> [Task directions]: Print every line of the material below exactly as it stands, but omit the pictures.

> [Exercise data]:
:::
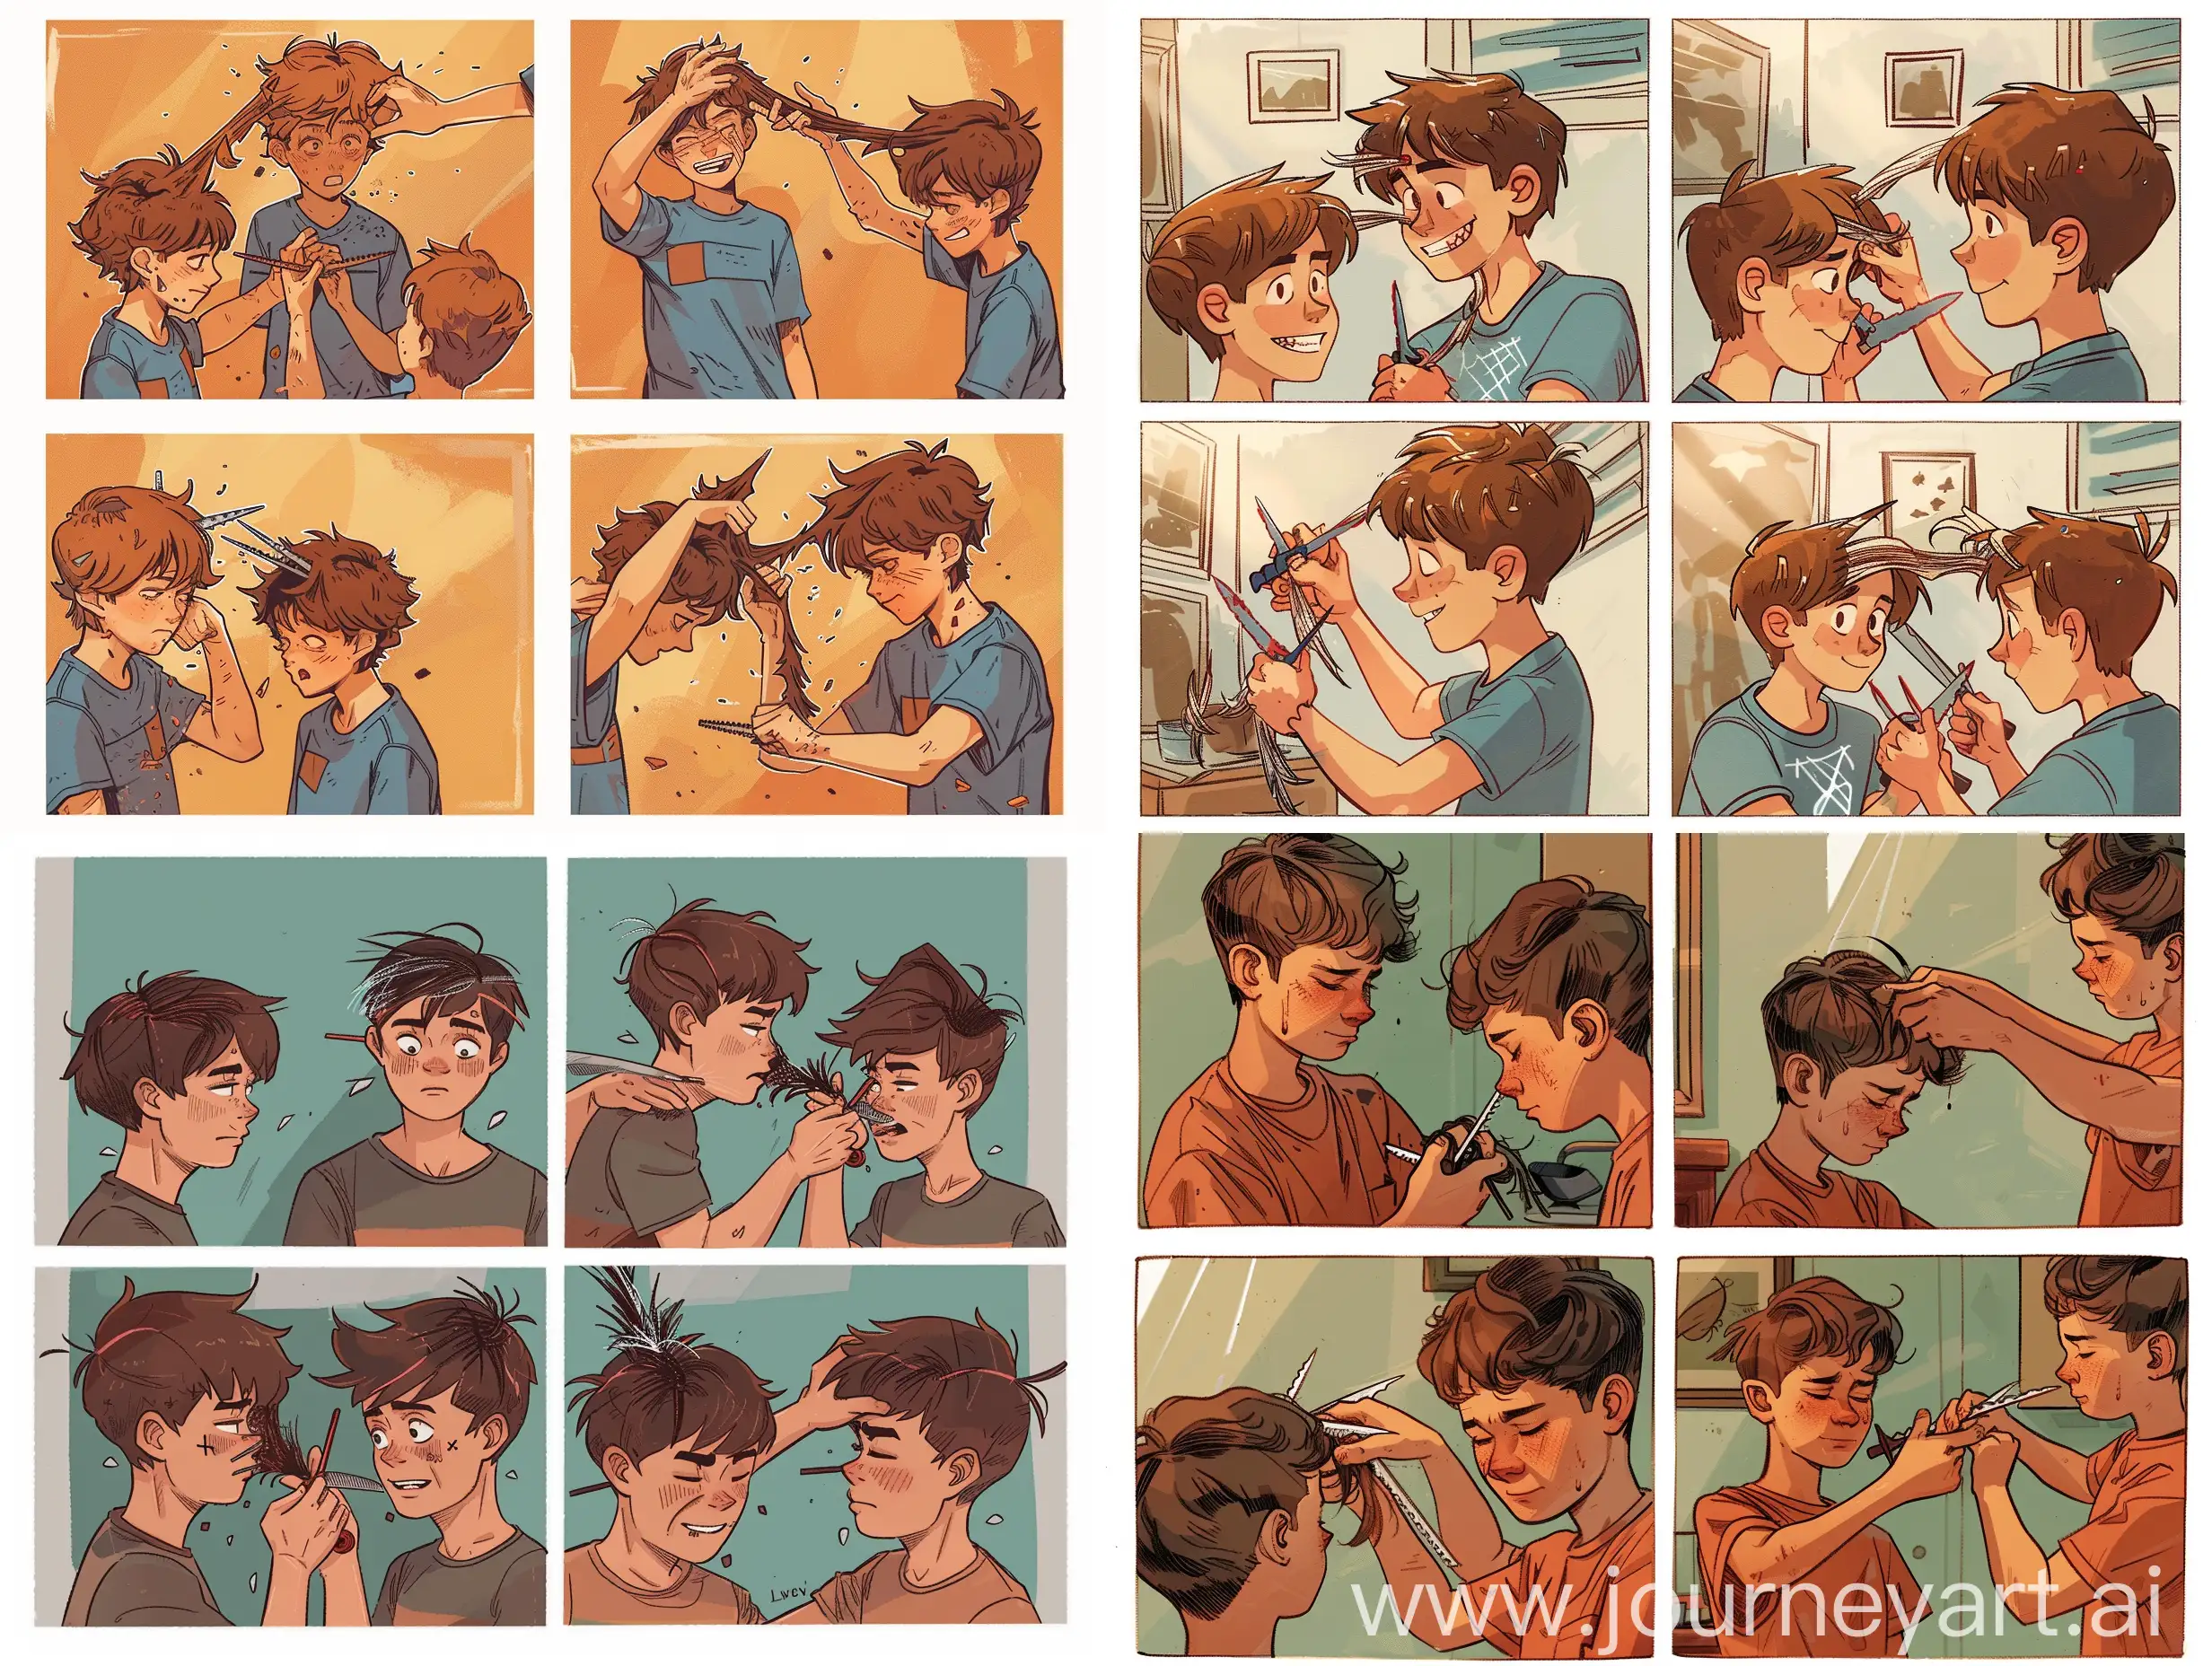 A four-part comic picture of boys cutting each other's hair and eventually cutting all their hair completely.
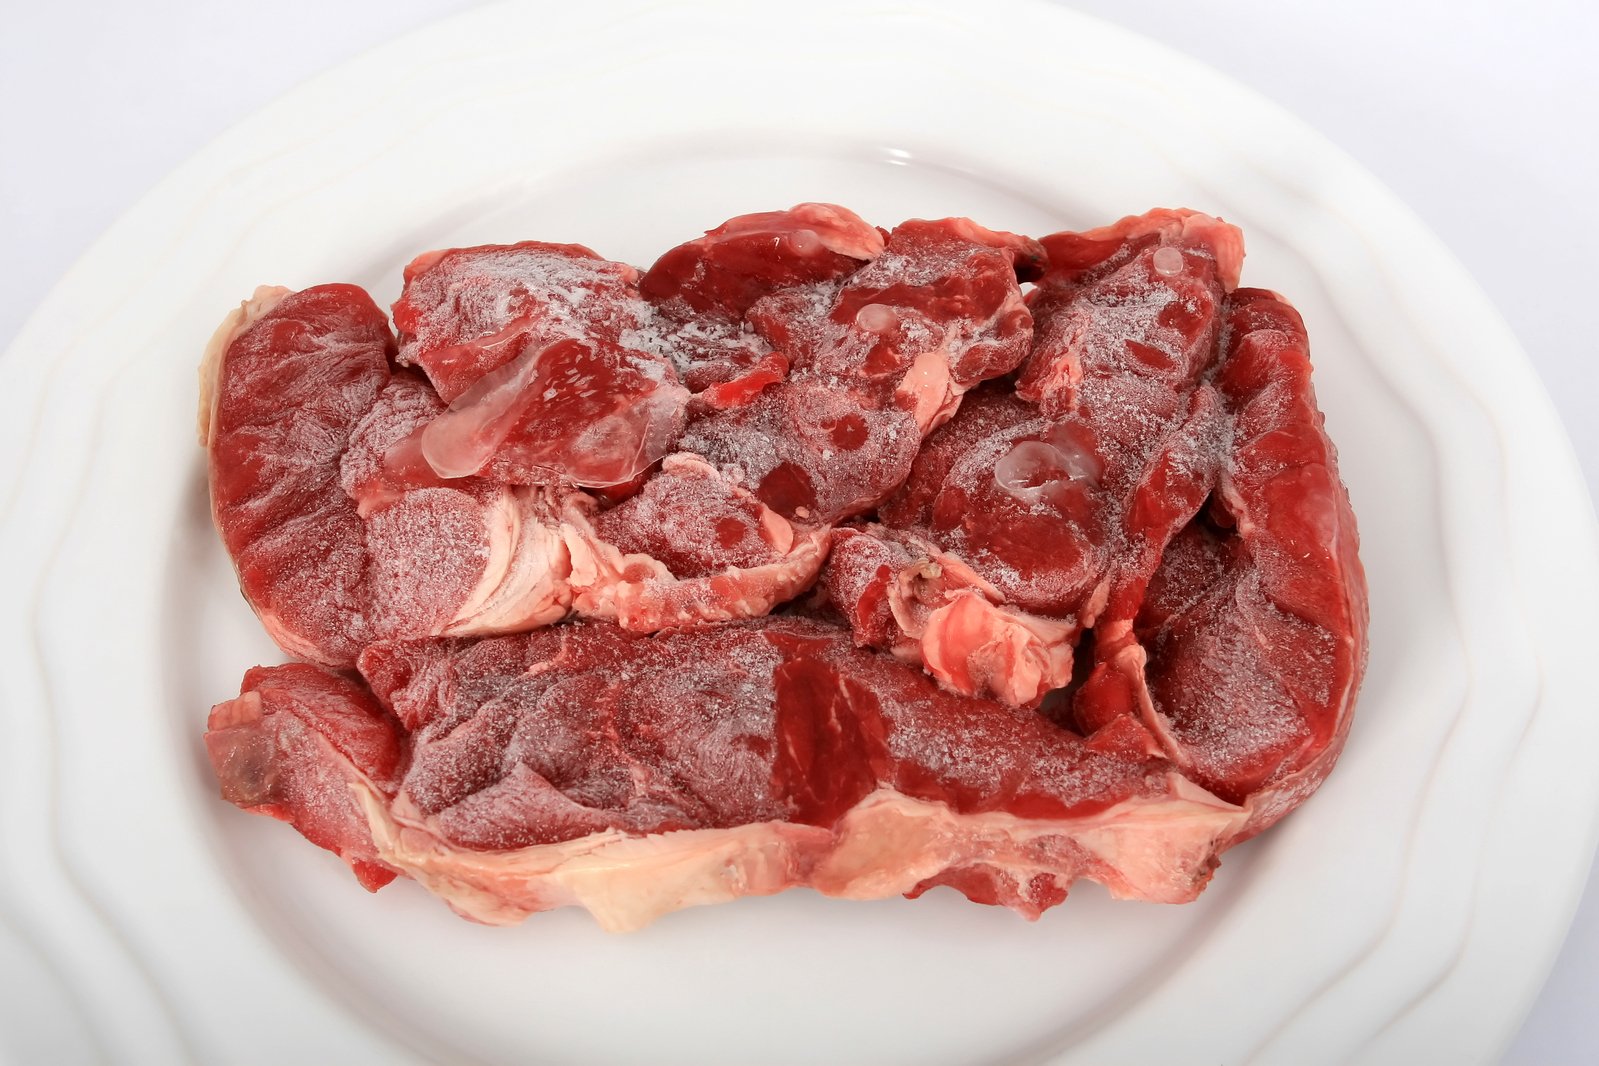 red meat sliced into small cubes on a plate
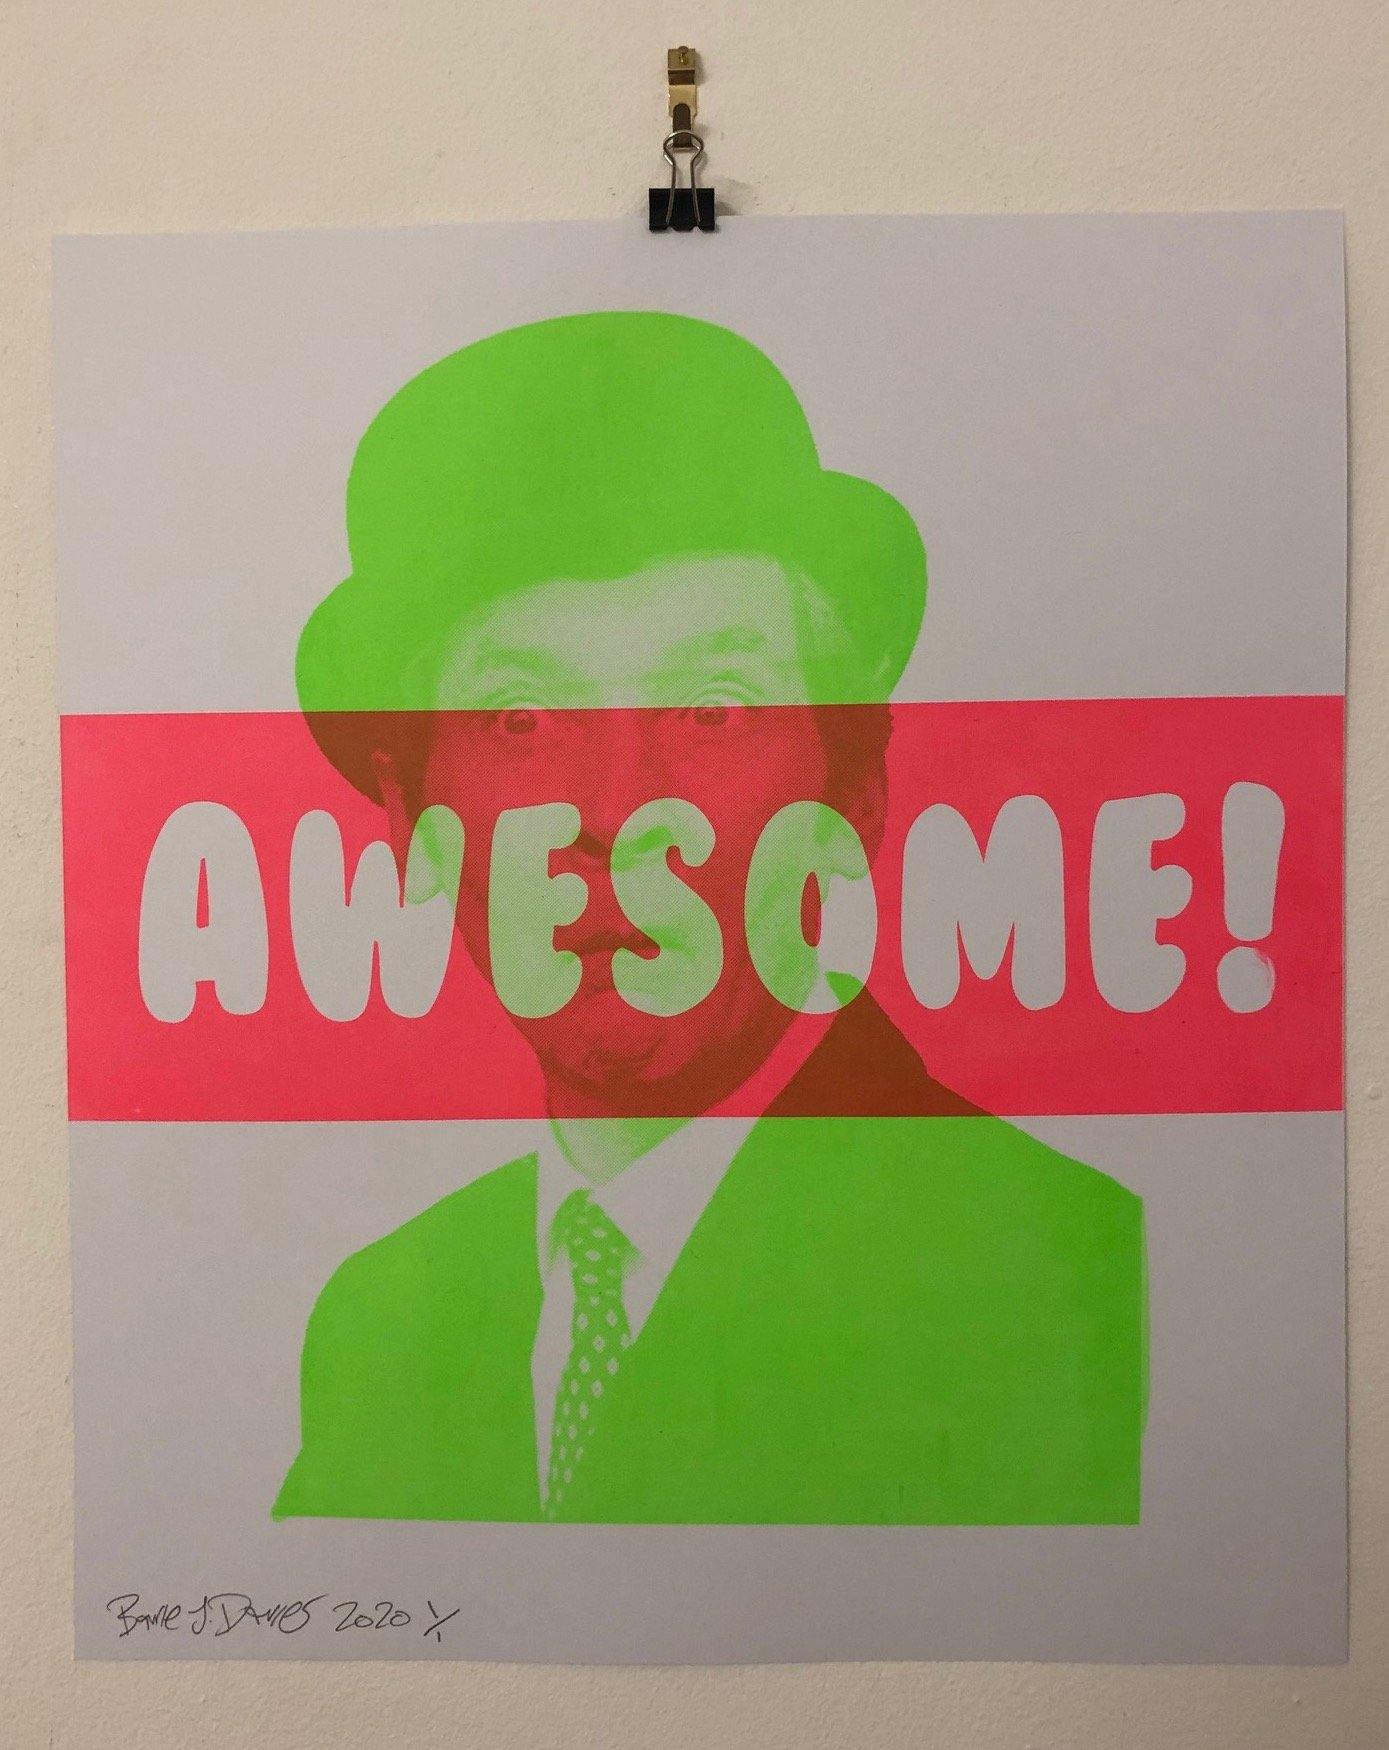 Awesome Mistake Print - BARRIE J DAVIES IS AN ARTIST
:::
> [Solution below]:
 A four-part comic picture of boys cutting each other's hair and eventually cutting all their hair completely.
 red meat sliced into small cubes on a plate
 Awesome Mistake Print - BARRIE J DAVIES IS AN ARTIST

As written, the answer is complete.